Entscheidungsstichwort (Thema)
Beschwerde des geschiedenen Vaters gegen die Ersetzung seiner Einwilligung zur Adoption ehelicher Kinder durch den neuen Ehepartner der Kindesmutter
Leitsatz (redaktionell)
1. Zur Beschwerdeberechtigung des Elternteils, dessen Einwilligung in die Adoption ersetzt worden ist, auch wenn ihm die elterliche Sorge nicht mehr zusteht.
2. Ein Rechtsmittel kann nicht darauf gestützt werden, dass an der angefochtenen Entscheidung ein Richter mitgewirkt hat, der nach Meinung eines Verfahrensbeteiligten als befangen hätte abgelehnt werden können.
3. Zur Frage, unter welchen Umständen gleichgültiges Verhalten als anhaltende gröbliche Pflichtverletzung anzusehen ist.
4. Zur Belehrungs- und Beratungspflicht im Fall der Einwilligungsersetzung wegen Gleichgültigkeit eines Elternteils.
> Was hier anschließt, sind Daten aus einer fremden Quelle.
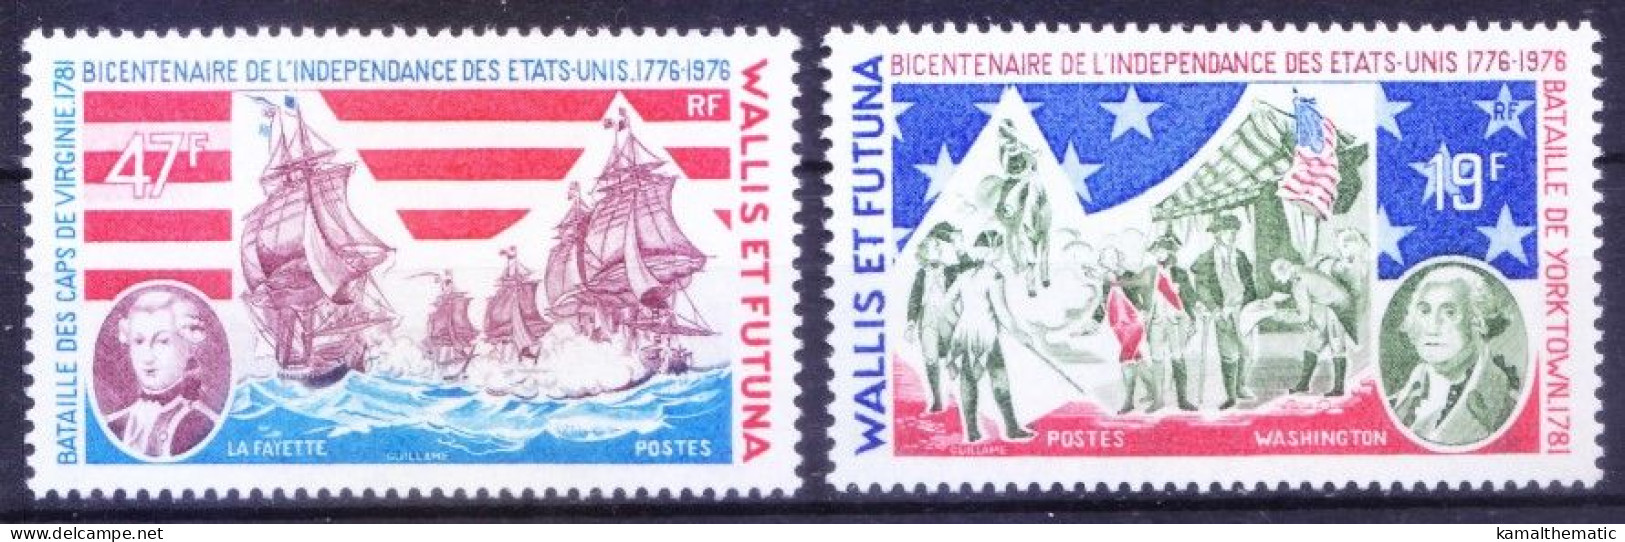 Wallis And Futuna 196 MNH 2v, Bicentenary Of Independence Of United States - Onafhankelijkheid USA

5. Soll die Einwilligung eines nicht sorgeberechtigten Elternteils wegen anhaltender gröblicher Pflichtverletzung ersetzt werden, so sind nur solche Pflichten erheblich, die dem Elternteil verblieben sind, nämlich die Unterhaltspflicht und die sich aus der Befugnis zum persönlichen Umgang mit dem Kind ergebende Pflicht.
6. Zur Frage, ob eine Unterhaltspflichtverletzung eine Ersetzung der Einwilligung in die Adoption rechtfertigt, wenn das Kindeswohl nicht gefährdet ist, weil das Kind von Dritten ausreichend versorgt wird.
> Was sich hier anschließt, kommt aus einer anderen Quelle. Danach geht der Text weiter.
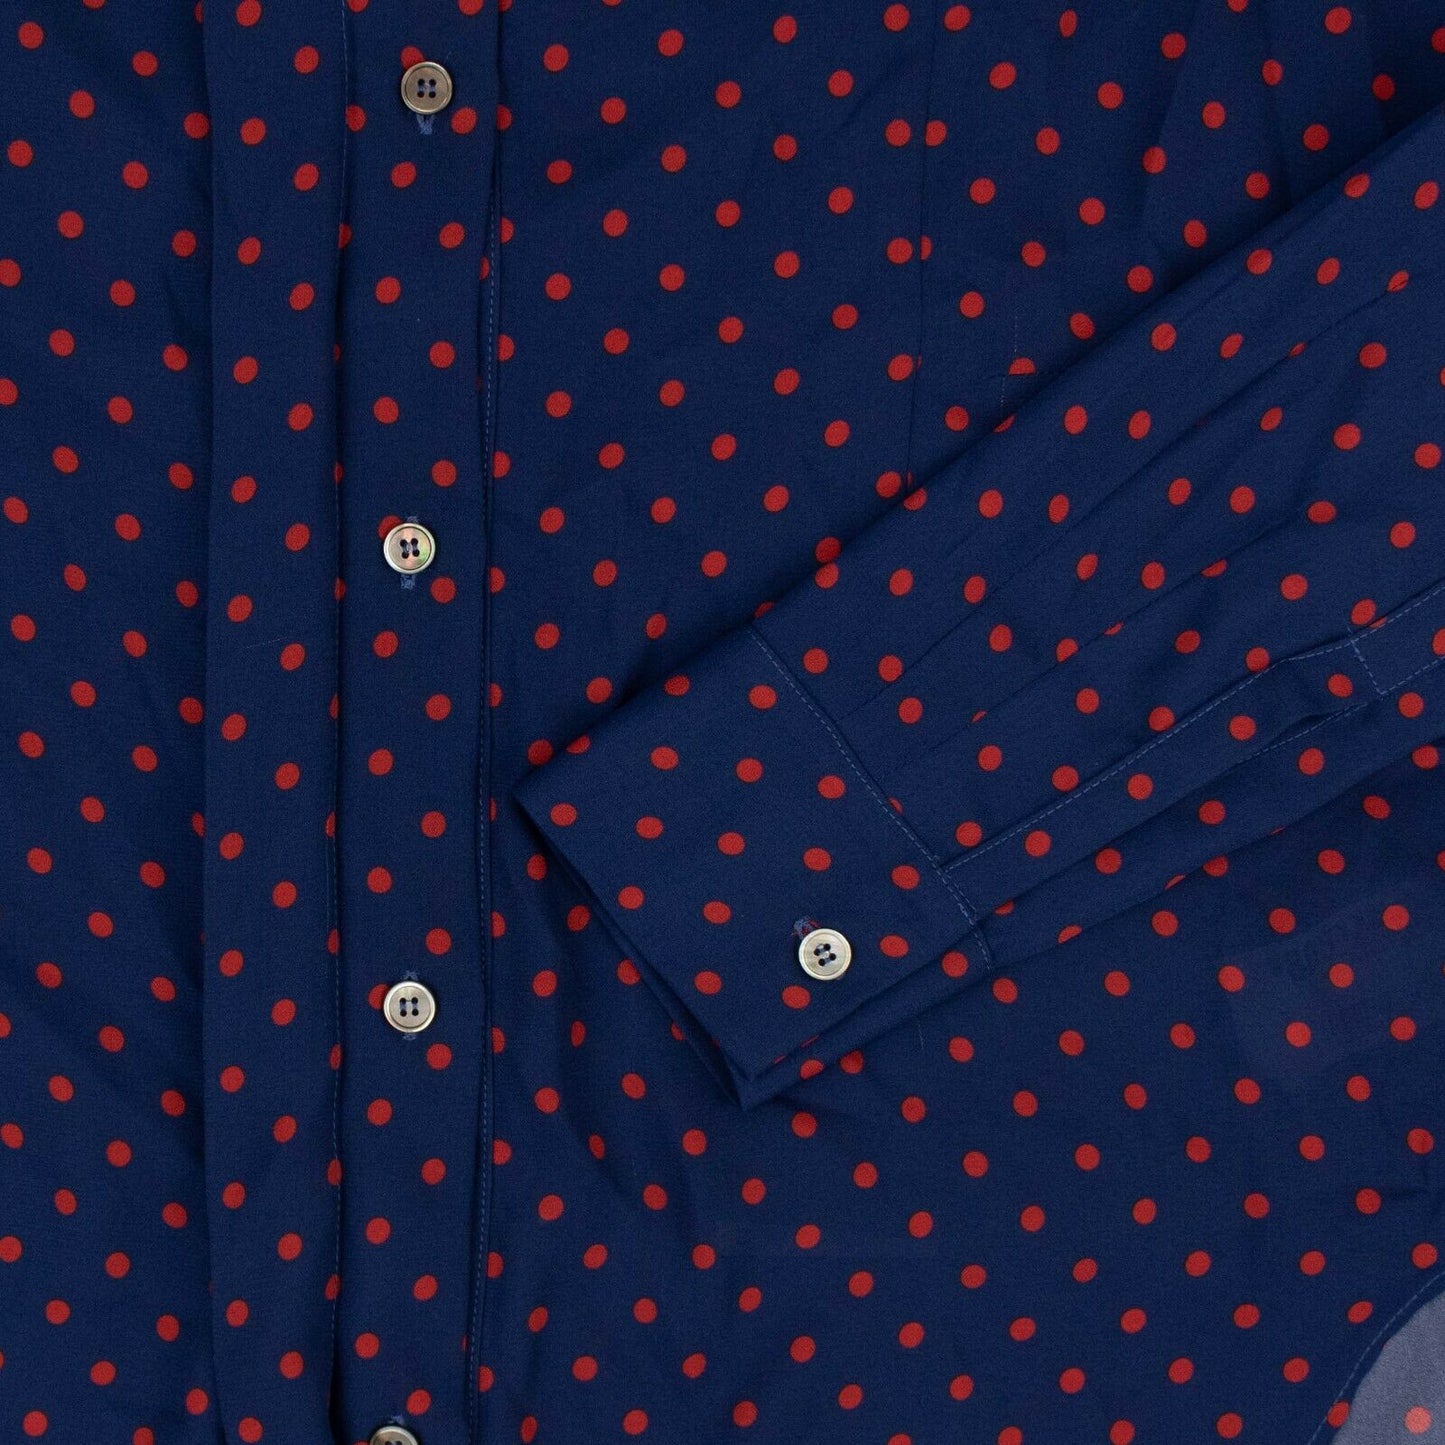 Unravel Project Polka Dot Shirt - Dark Blue/Red

7. Zum unbestimmten Rechtsbegriff „unverhältnismäßiger Nachteil” und zu seiner Nachprüfung im Rechtsbeschwerdeverfahren.
Normenkette
FGG § 20 Abs. 1, § 27; ZPO § 42; SGB VIII § 51 Abs. 2 S. 1; BGB §§ 1601, 1634 Abs. 1 S. 1, § 1671 Abs. 1, § 1748 Abs. 1 S. 1, Abs. 2 S. 1
Verfahrensgang
LG Passau (Beschluss vom 22.07.1993; Aktenzeichen 2 T 108/93) |
AG Passau (Aktenzeichen 2 X 15/93) |
Tenor
Die sofortige weitere Beschwerde des Beteiligten zu 3 gegen den Beschluß des Landgerichts Passau vom 22. Juli 1993 wird zurückgewiesen.
Tatbestand
I.
Die Beteiligten zu 2 und 3, deren Ehe durch rechtskräftiges Urteil vom 24.5.1991 geschieden wurde, sind die Eltern zweier nunmehr 14 und 12 Jahre alter Söhne. Die elterliche Sorge ist der Mutter, der Beteiligten zu 2, übertragen worden. Sie ist seit dem 15.5.1992 mit dem Beteiligten zu 4 verheiratet, der die beiden Söhne als Kinder annehmen will. Die Beteiligte zu 2 beantragte deshalb als gesetzliche Vertreterin ihrer Söhne zu Protokoll des Vormundschaftsgerichts vom 26.1.1993, die Einwilligungserklärung des Beteiligten zu 3 zu ersetzen, der vom Kreisjugendamt bereits mit Schreiben vom 23.6.1992 über die Möglichkeit der Ersetzung seiner Einwilligung schriftlich belehrt worden war. Das Vormundschaftsgericht holte eine Stellungnahme des Kreisjugendamts ein und hörte die beiden Söhne sowie deren Eltern persönlich an. Mit Beschluß vom 17.5.1993 ersetzte es die Einwilligungserklärung des Vaters. Gegen diese ihm am 26.5.1993 zugestellte Entscheidung legte der Beteiligte zu 3 am 7.6.1993 „Beschwerde” ein. Mit Beschluß vom 22.7.1993, dem Beteiligten zu 3 zugestellt am 31.7.1993, wies das Landgericht die sofortige Beschwerde zurück. Er hat hiergegen am 11.8.1993 zu Protokoll der Geschäftsstelle des Landgerichts sofortige weitere Beschwerde eingelegt mit dem Antrag, die Beschlüsse des Vormundschaftsgerichts und des Landgerichts aufzuheben und den Antrag der Beteiligten zu 2 zurückzuweisen. Der Beteiligten zu 2 wurde Gelegenheit zur Stellungnahme gegeben; sie hat sich nicht geäußert.
Entscheidungsgründe
II.
Die gegen die Entscheidung des Landgerichts stattfindende sofortige weitere Beschwerde (§ 27 Abs. 1, § 29 Abs. 2, § 60 Abs. 1 Nr. 6, § 53 Abs. 1 FGG; § 1748 BGB), über die gemäß § 28 Abs. 1, § 199 Abs. 1 FGG, Art. 11 Abs. 3 Nr. 1 AGGVG das Bayerische Oberste Landesgericht entscheidet, ist form- (§ 29 Abs. 1 Satz 2 und Abs. 4, § 21 Abs. 2 FGG) und fristgerecht (§ 29 Abs. 2 und 4, § 22 Abs. 1, § 16 Abs. 2 Satz 1 FGG) eingelegt worden und somit zulässig; sie ist aber nicht begründet.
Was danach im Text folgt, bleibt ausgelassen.